Tripoli has fallen to the rebellion. Muammar Gaddafi’s whereabouts are unknown, but in any case he is no longer ruling Libya. A few thoughts:
1. Good riddance to bad rubbish.
2. This may well have happened months ago if President Obama had not spent several weeks in February and March dithering. (I was quite critical of this at the time; after calling for a no-fly zone on February 21st, I was much more ambivalent about the idea by the time it was authorized by the UN Security Council on March 17.)
3. Gaddafi didn’t hang on as long as I’d feared he might, but dragging out the conflict had real costs. Besides the human cost in Libya, I strongly suspect (though of course I cannot prove a counterfactual) that it had an effect on Syria, which is strategically more important. About 2000 civilian protestors have been killed in Syria while the fighting dragged on in Libya. Had Gaddafi been quickly dispatched soon after turning the guns on his own people, it may have made Bashar Assad think twice about following the same course. And if dispatching Gaddafi quickly did not change Assad’s behavior, it likely would have changed the international response to his behavior. The situation in Libya bred reluctance to deal with Assad, both in the Obama administration and abroad. I don’t think it’s a coincidence that calls for Assad to step down, and movement in Europe toward an oil embargo, came only last week, just as it began to look like the rebels were close to victory.
4. The delay was in part a function of a fixation on international approval for US military action. It is unlikely that the UN Security Council would have authorized intervention in Libya any earlier than it did — at the last possible moment before Gaddafi’s forces overran Benghazi, which would have turned into a slaughterhouse. (I am aware that some commentators, including on this website, have asserted that Gaddafi did not in fact intend to order war crimes against the civilian population of Benghazi. Suffice it to say that I don’t buy it.) Undo deference to the UN and other international institutions is a serious flaw in this administration’s worldview.
5. Indeed, Obama was more interested in making a case for intervention in Libya to the UN than he was in making a case to the American people or to Congress. There’s a case to be made that it was legal and constitutional for the executive to intervene in Libya, but it certainly wasn’t the nonsensical case that the administration made, which held that the War Powers Resolution is constitutional but somehow didn’t count in this case because the word “hostilities” does not mean what it plainly does mean. Anyway, whether or not this was a legitimate exercise of executive power, the hubristic refusal to even try to get a retroactive stamp of approval from Congress (which surely would have been forthcoming in March or April) was rather unseemly.
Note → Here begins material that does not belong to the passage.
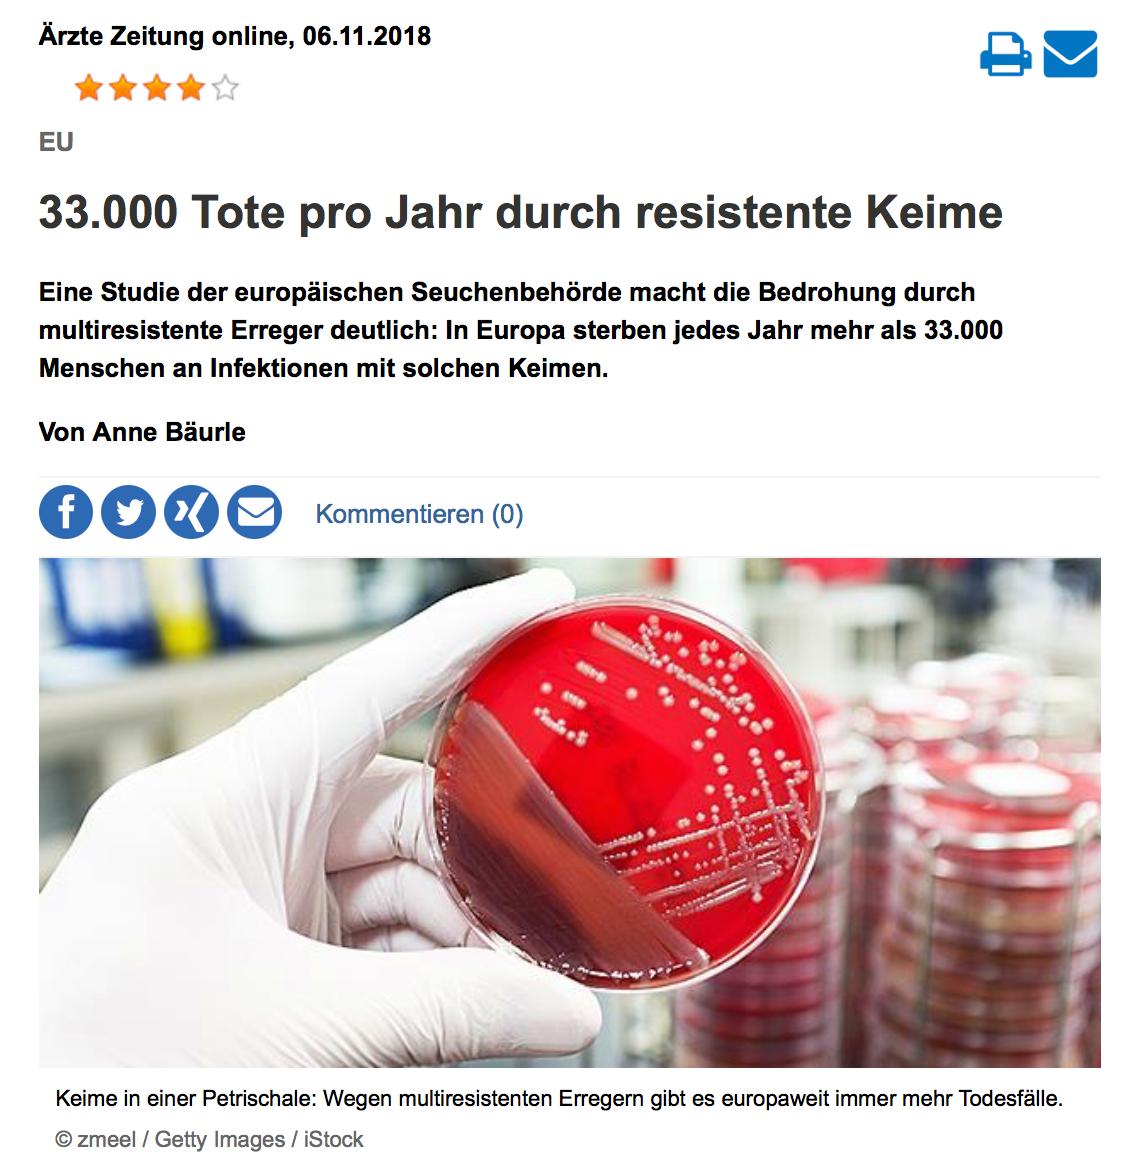 33000 tote pro Jahr durch resistente Keime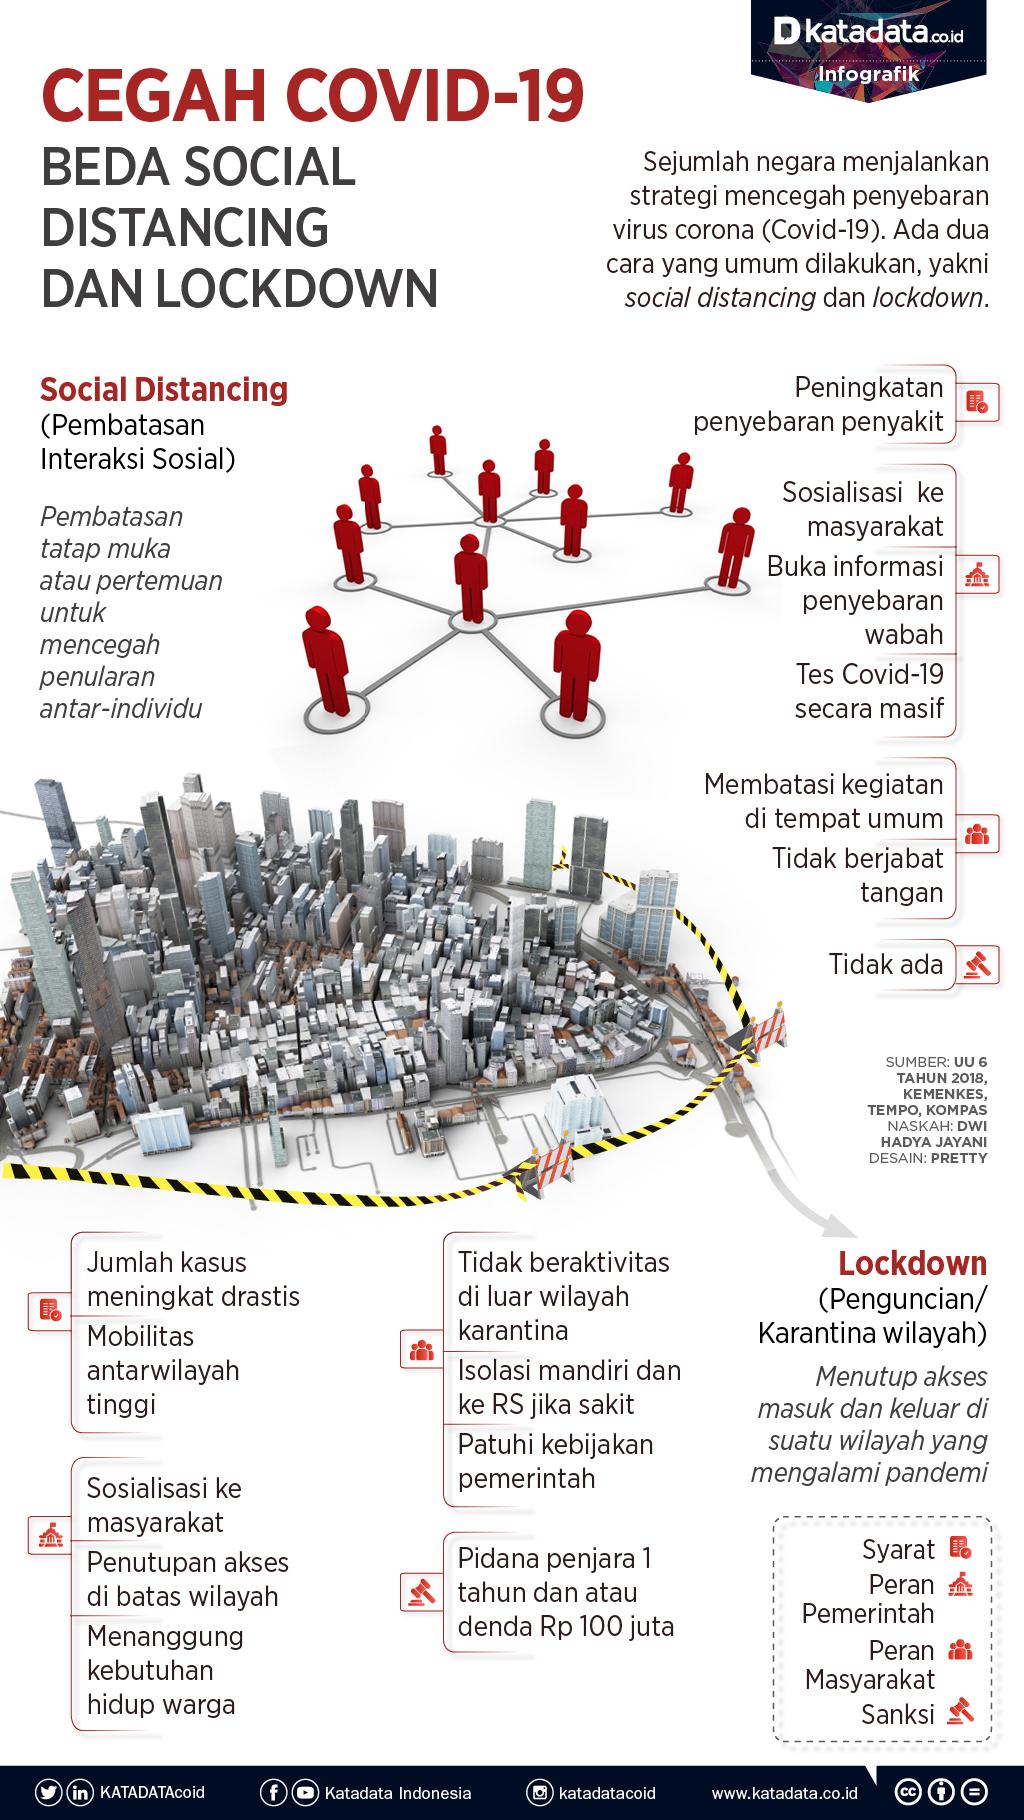 Interaksi Antar Wilayah : interaksi, antar, wilayah, Cegah, Penyebaran, Covid-19,, Antara, Social, Distancing, Lockdown, Infografik, Katadata.co.id

6. This is not necessarily the end of civil war in Libya. The rebels had a common foe in Gaddafi, but they are ideologically quite divided, and there are militias (including Islamist militias) that are not fully under the control of the National Transitional Council. We hope, of course, that everyone agrees to settle their differences through a democratic process, but the factions may well turn their guns on each other. And that’s not even getting to the question of what happens to those who fought on Gaddafi’s side.
7. If the fighting isn’t over, that’s a problem for Europe, which would bear the brunt of a refugee crisis. It is not a problem for the United States — at least, not a big enough problem to justify a further commitment. President Sarkozy should consider sending in groud troops for peacekeeping and stabilization. President Obama absolutely should not.